■ **Goal of the exercise**: Please retype the data below line for line and leave out every picture.

═══ Information supplied ═══

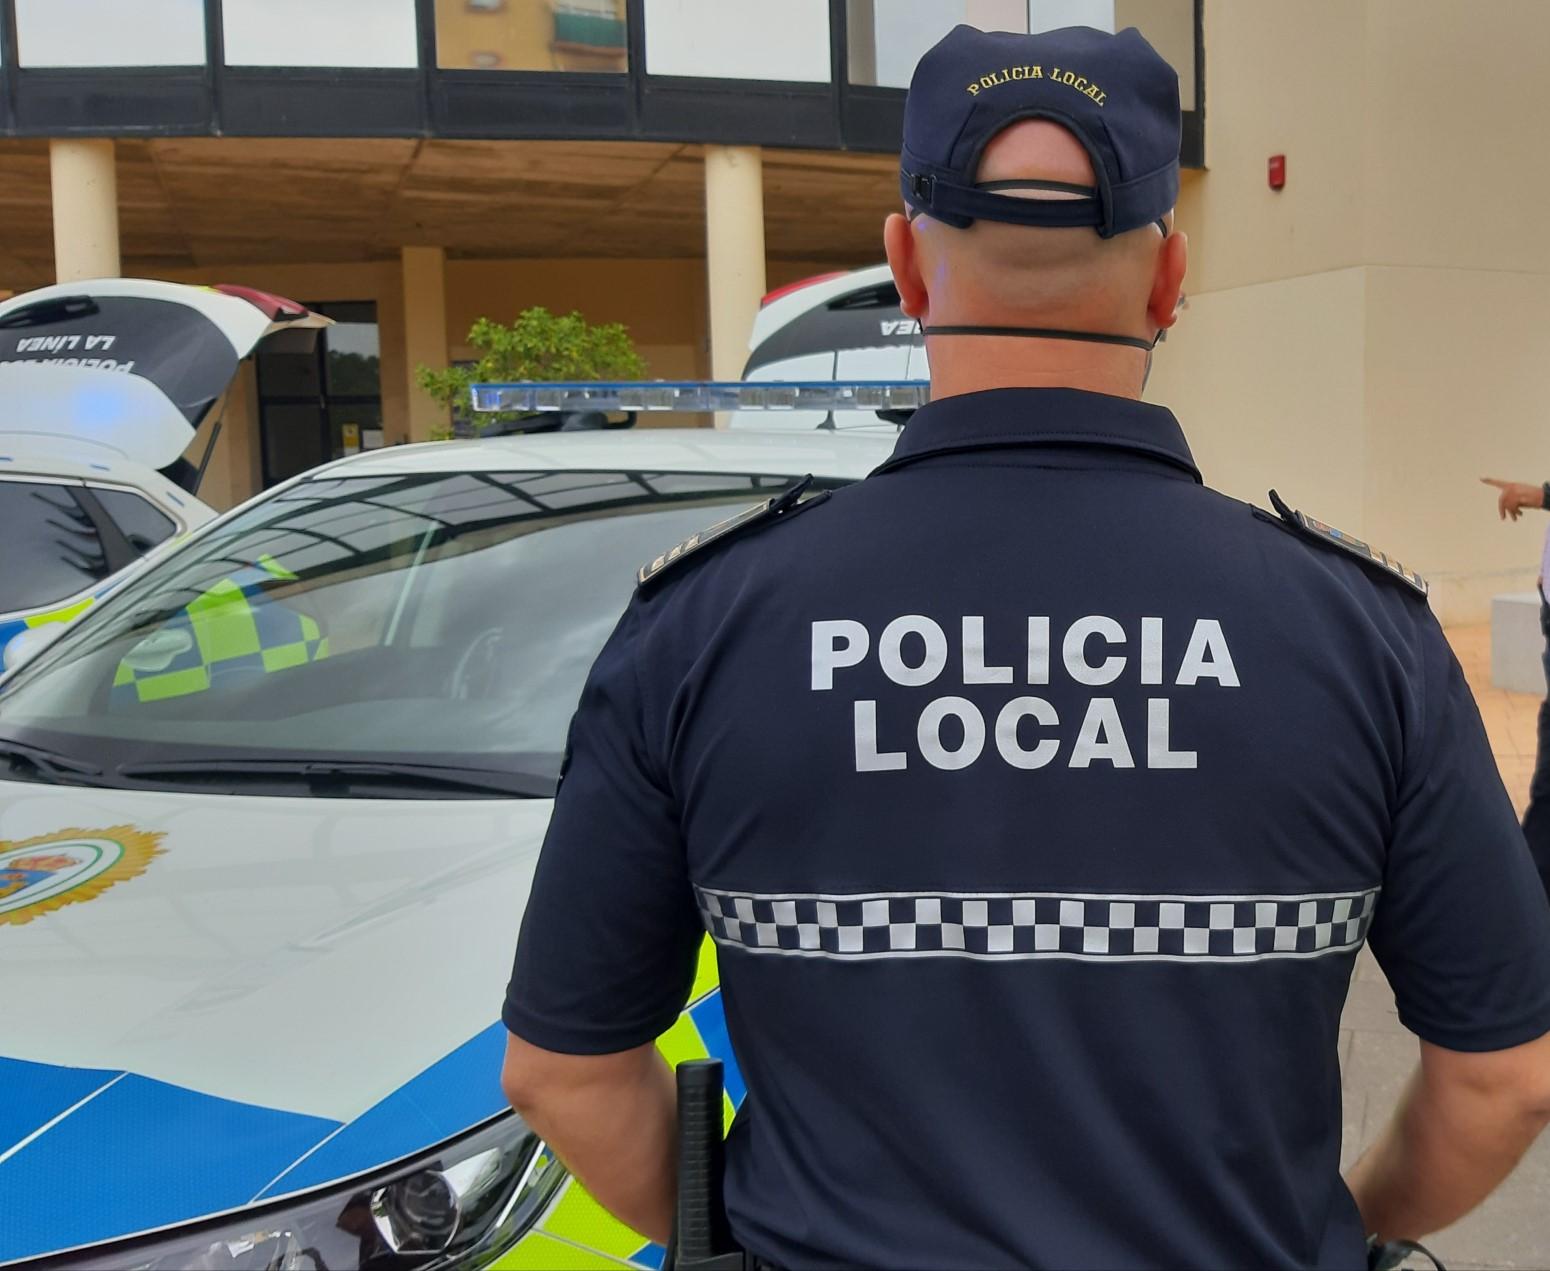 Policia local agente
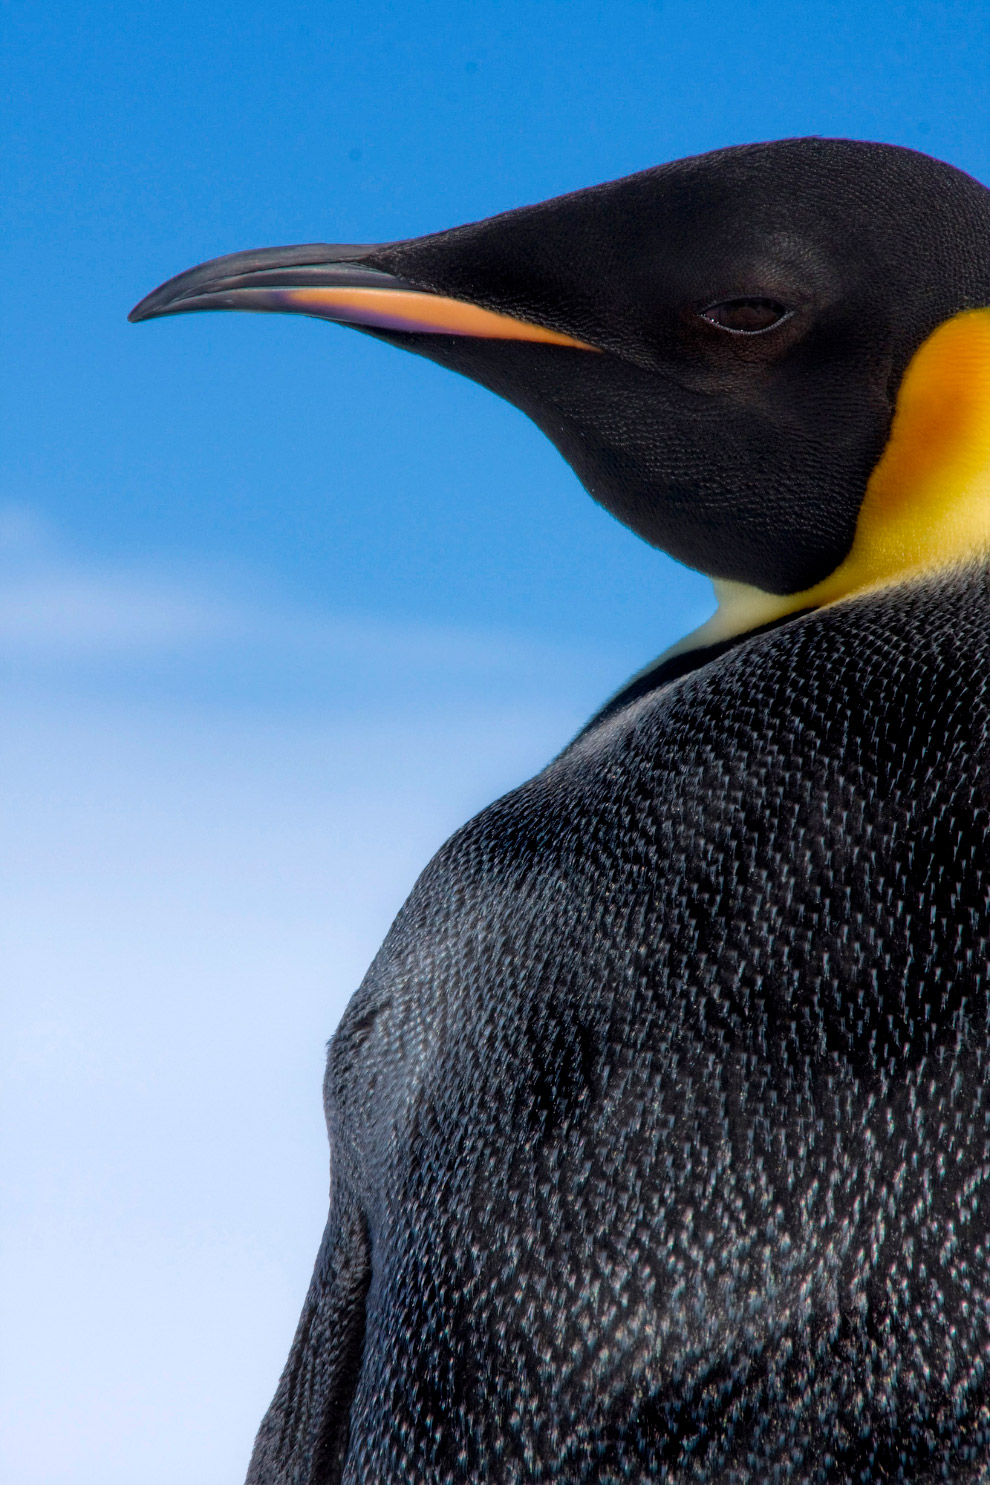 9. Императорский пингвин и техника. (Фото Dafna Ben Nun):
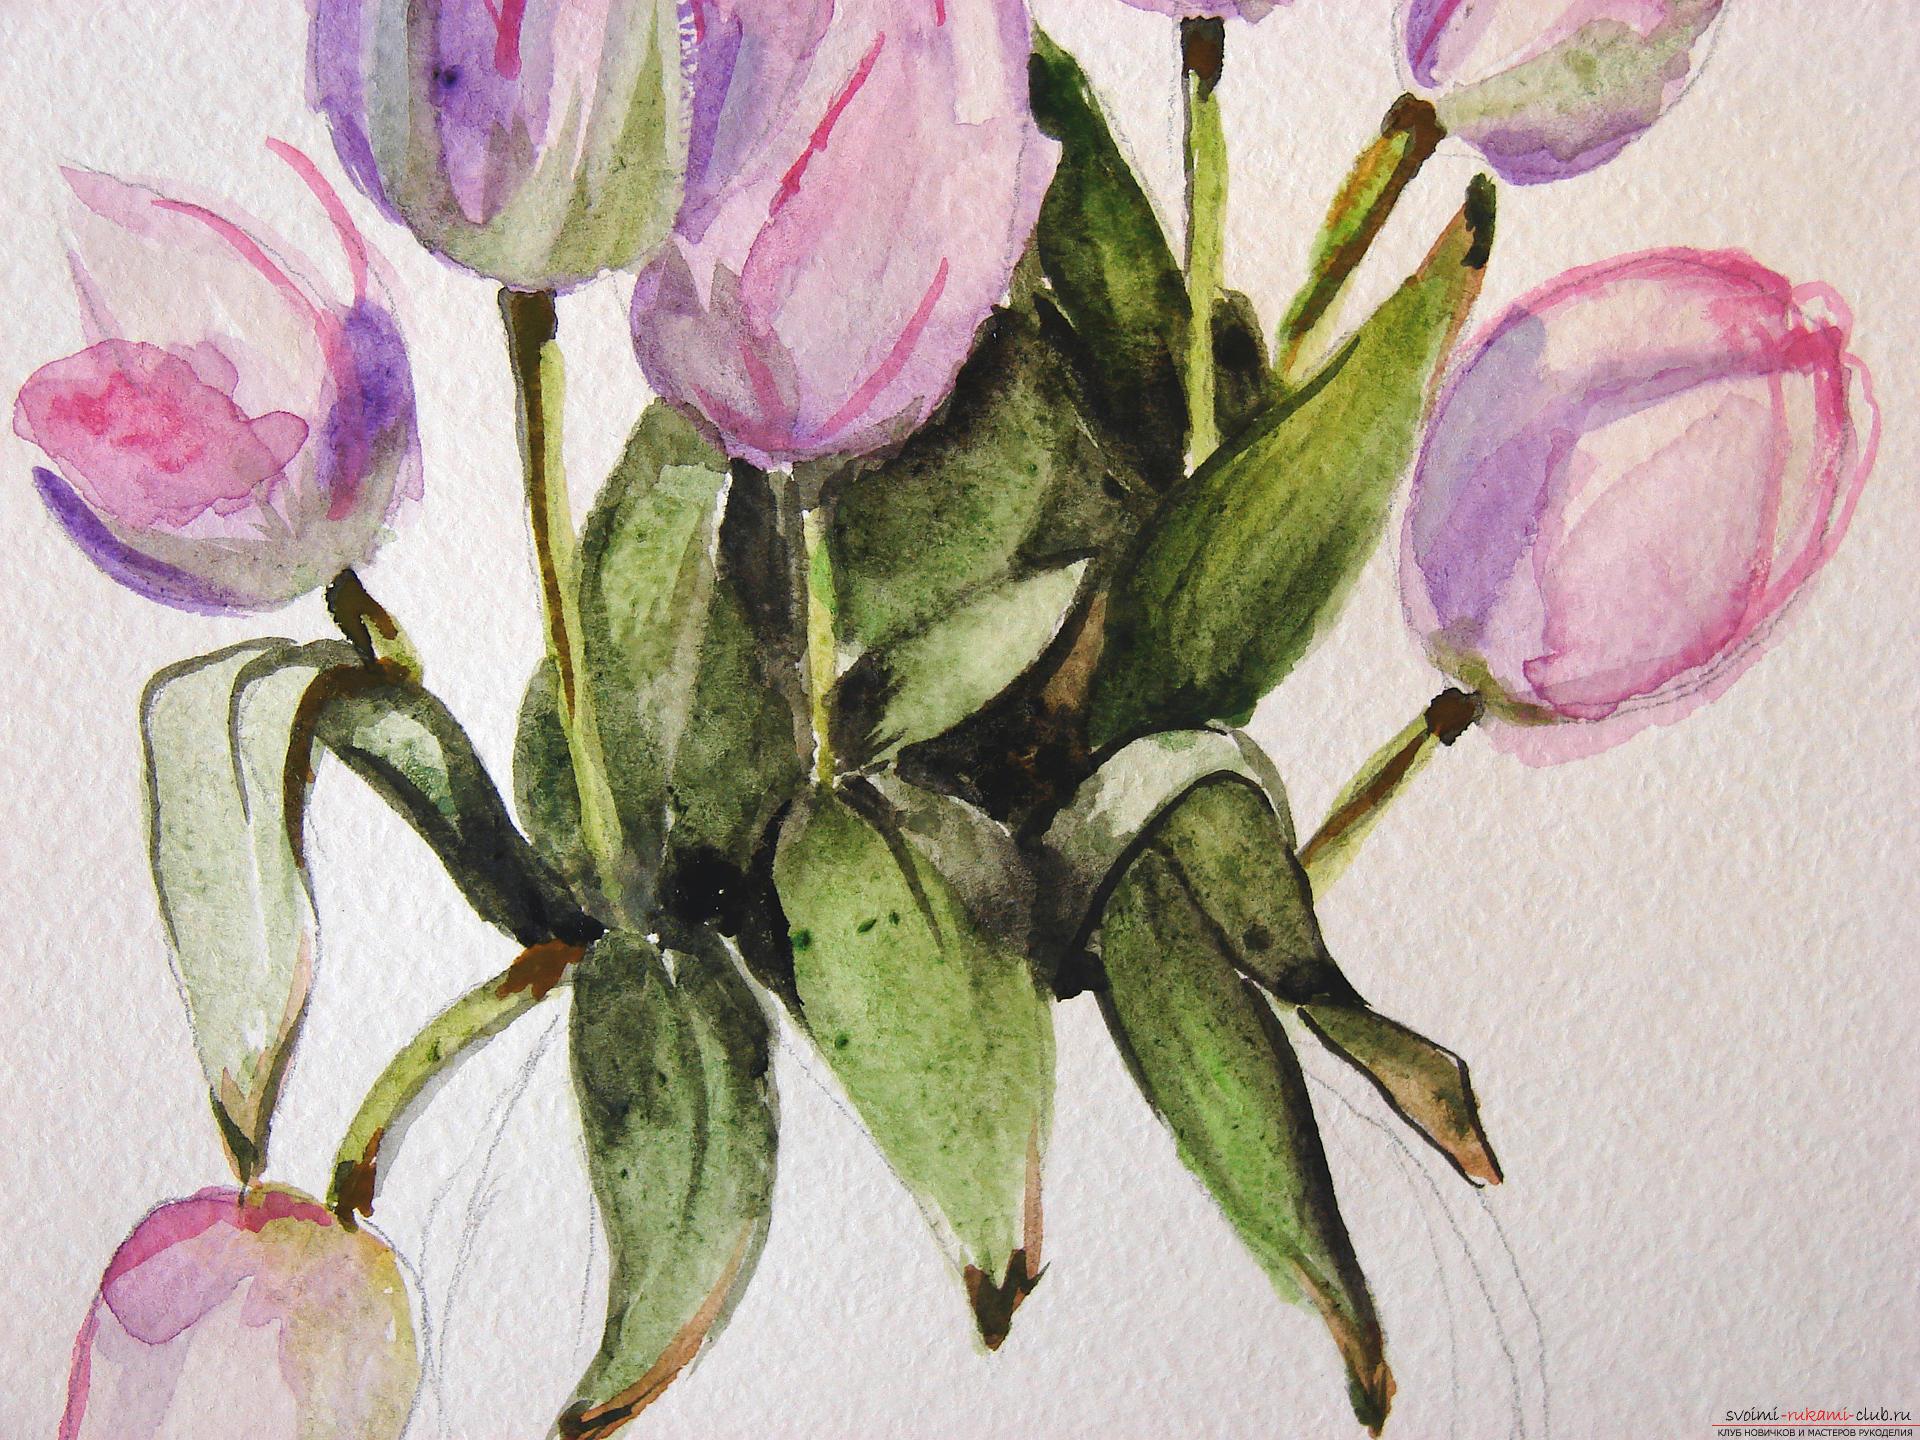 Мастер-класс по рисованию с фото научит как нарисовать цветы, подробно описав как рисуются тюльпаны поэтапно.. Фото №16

═══

■ **Expected output**:
 Policia local agente
 9. Императорский пингвин и техника. (Фото Dafna Ben Nun):
 Мастер-класс по рисованию с фото научит как нарисовать цветы, подробно описав как рисуются тюльпаны поэтапно.. Фото №16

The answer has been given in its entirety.